Bowl found at CT yard sale valued at up to $500,000

Lawrence Kim
Марта 4, 2021

The rare porcelain bowl - one of only seven in existence - slipped the notice of a number of people when it was up for sale past year, but one (unidentified) antiques enthusiast near New Haven snapped it up, without haggling over the price, and sent photos to an expert to be evaluated. Yet to the everyday punter, it resembled nothing more than your run-of-the-mill cut of white porcelain adorned with cobalt blue floral paintings. "The style of painting, the shape of the bowl, even just the color of the blue is quite characteristic of that early, early 15th century period of porcelain".

The bowl is set to be auctioned in NY on 17 March by Sotheby's auction house, which describes the find in its listing as "exceptional and rare".

Soon, Angela McAteer and Hang Yin, the auction house's experts on Chinese ceramics and art, responded saying that they realized right away that there was something remarkable about this item.

Even though there were no scientific tests done, but the trained eyes and hands of specialists could identify the specialty of the bowl. The bowl was very smooth to the touch, its glaze was silky and the color and designs are distinctive of the period.

They confirmed it was from the 1400s when they were able to look at it in person.

The bowl came from the court of the Yongle Emperor, who ruled from 1403 to 1424 - a period of celebrated porcelain production.

But McAteer says experts are unlikely to ever know exactly how the bowl made its way from China to the junk sale.
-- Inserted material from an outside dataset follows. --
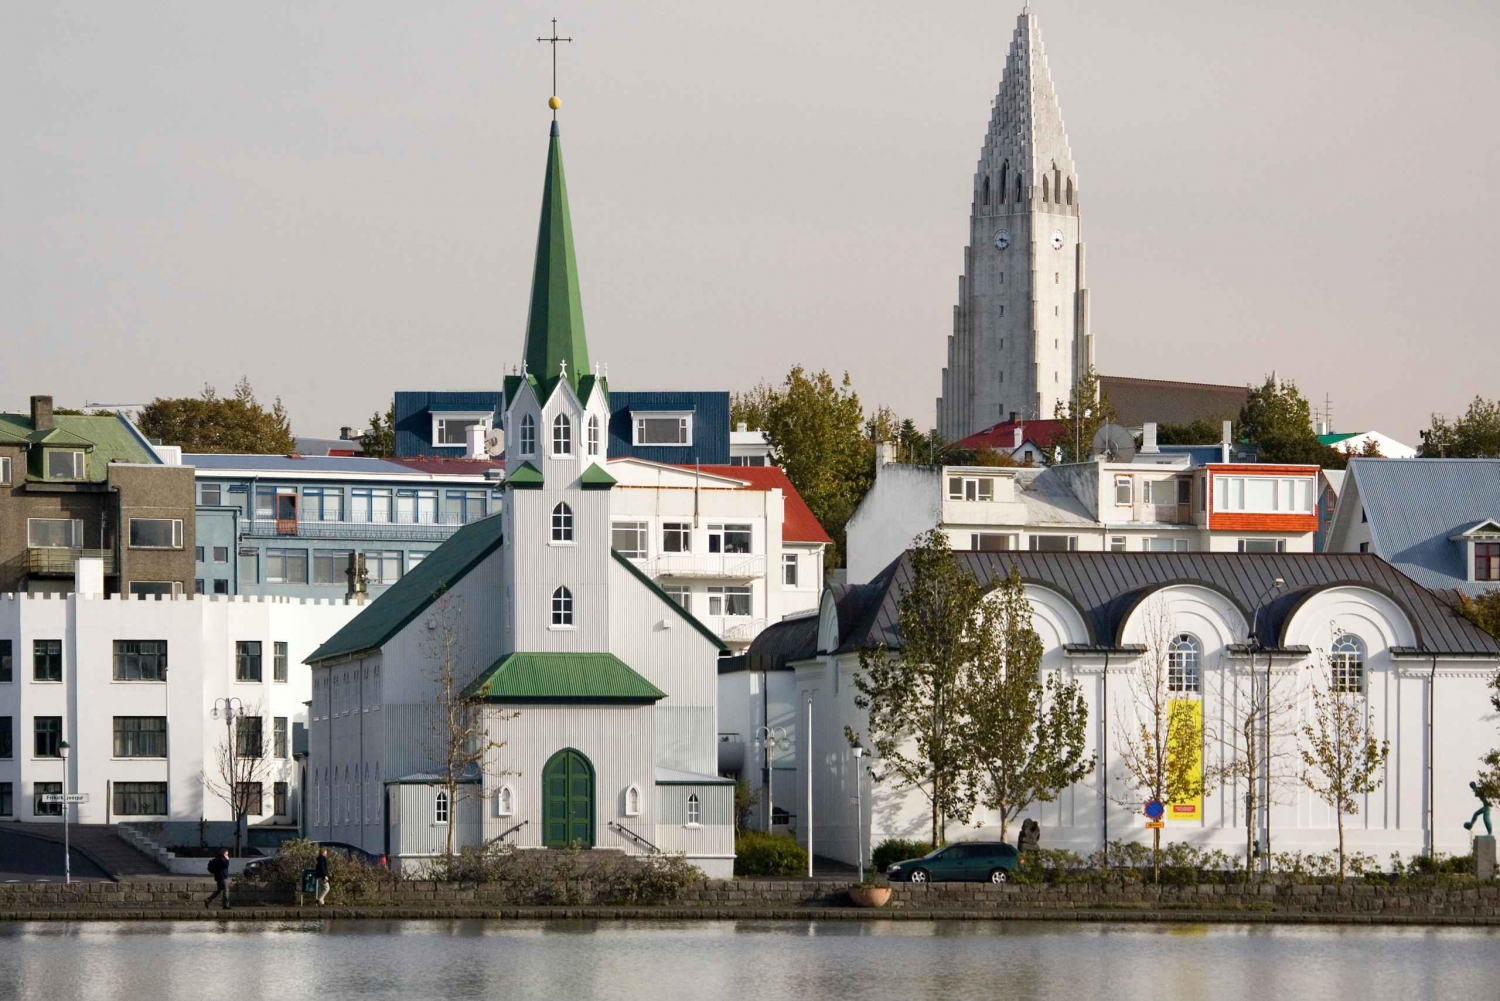 Reykjavik: Express wandeling met een local in 60 minuten

The interior is decorated with a central medallion enclosing a formalized quatrefoil motif encircled by a narrow band of alternating stylized florets formed of dots and leaves, and further wreathed by elaborate interlocking strapwork forming heart-shaped petals enclosing trefoils, the cavetto with eight dianthus blossoms borne on undulating leafy foliate scrolls, all below a row of pendent trefoils and a band of zigzag lines and clusters of circles around the rim. There are also intricate patterns at the top of both the outside and inside.

Most of the six-inch bowl's siblings are in museums. No others are in the United States.

Five of the bowls are in museums: two in Taiwan, two in London and one in Tehran. McAteer said it's possible it was passed down through generations of the same family who did not know how unique it was.

McAteer told the AP that she is always stunned that finds like the man's can still happen and that, for her, the excitement of discovered treasures never wanes.